2- Tolérance des symbioses végétales à l’inondation

2.1- Tolérance des plantes à l’inondation

L’hydromorphie correspond à une inondation continue ou temporaire des sols par l’eau. En France, plus de 2 millions d’hectares de sols forestiers sont concernés par l’inondation temporaire (Deiller et al. 2003). Cet excès d’eau peut avoir plusieurs origines : la présence ou la remontée de la nappe phréatique ou stagnante, le manque d’infiltration des eaux pluviales et l’anthropisation (endiguements, tassements, irrigations). Comme pour les autres stress abiotiques, les plantes développent trois stratégies de réponses à l’inondation : stratégie d’échappement (cycle biologique développé en dehors du stress), stratégies d’adaptation (régulation des aquaporines) et stratégies d’acclimatation (développement de lenticelles hypertrophiées, de racines adventives, d’aérenchymes et de racines aériennes) (Glenz et al. 2006). L’inondation provoque dans la rhizosphère une forte diminution de l’O2 (hypoxie, anoxie) et une accumulation de CO2, d’éthanol et d’acétaldéhyde. Une des premières conséquences physiologiques de l’inondation est la chute de la conductance stomatique. Cette fermeture des stomates résulte d’un blocage du transport racinaire d’eau consécutif à une acidification cytoplasmique (Tournaire-Roux et al. 2003). Cette acidification sert de signal à la fermeture des aquaporines (canaux hydriques) situées sur la membrane des cellules. Le blocage du transport racinaire d’eau s’accompagne d’une chute de l’activité photosynthétique et donc d’une diminution de la production de biomasse. Cependant, la croissance seule n’est pas indicatrice de la capacité de la plante à survivre à l’inondation. En effet, certaines plantes ont pour stratégies de réduire leur croissance pour s’adapter à

l’engorgement, puis de reprendre une croissance normale lorsque le niveau de la nappe est bas (Glenz et al. 2006). Quoi qu’il en soit, les plantes adaptées à l’inondation ne supportent pas une situation d’anoxie prolongée. La durée de survie des plantes peut être de quelques heures chez la tomate à trois ans chez certains arbres (Taxodium distichum et Nyssa sylvatica) de forêts marécageuses (Crawford 1982).

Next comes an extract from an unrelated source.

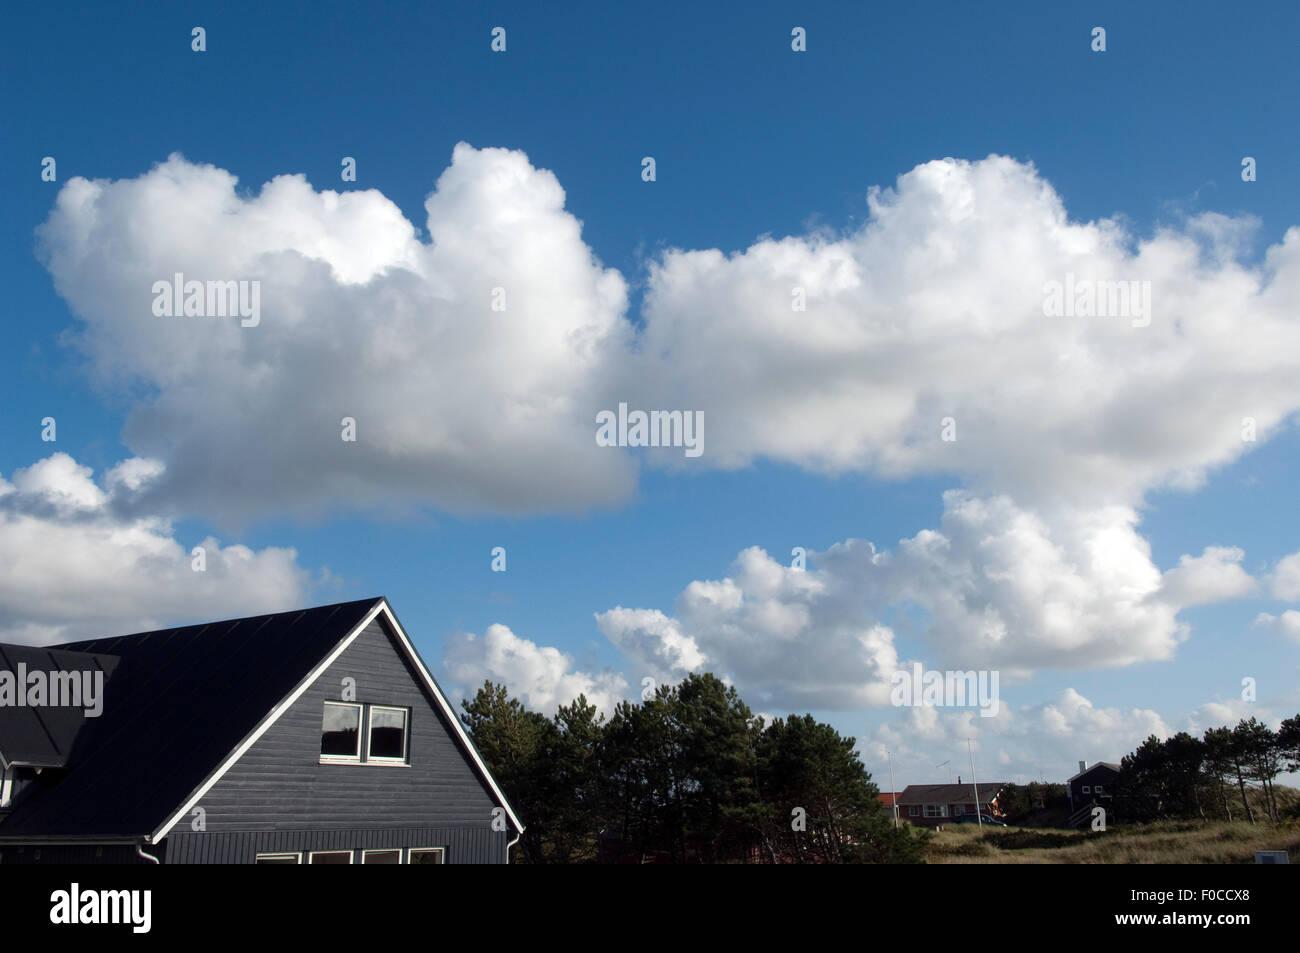 Wolken, Blau Konvektionswolken Stockbild

Les plantes les plus tolérantes à l’inondation sont celles qui développent des adaptations métaboliques et morphologiques. Les plantes tolérantes à l’hypoxie présentent un métabolisme anaérobie caractérisé par le maintien de la fermentation éthanolique, la libération de composés phytotoxiques (H2S, éthanol), la production d’ATP et le maintien de la glycolyse. Le peu d’O2 disponible est rapidement consommé par la respiration racinaire et microbienne (Barrett-Lennard 2003). Le manque d’oxygène affecte notamment les microorganismes qui interviennent dans la minéralisation de l’humus et favorise ceux qui sont impliqués dans la dénitrification. En effet, ces derniers peuvent maintenir leur respiration par le transfert d’électrons de la chaîne respiratoire à un autre accepteur (NO3-) que l’O2. Le stress hypoxique induit la synthèse de protéines ANP « Anaerobically Induced Polypeptides » parmi lesquelles on trouve l’alcool déshydrogénase qui joue un rôle clé dans la synthèse d’éthanol.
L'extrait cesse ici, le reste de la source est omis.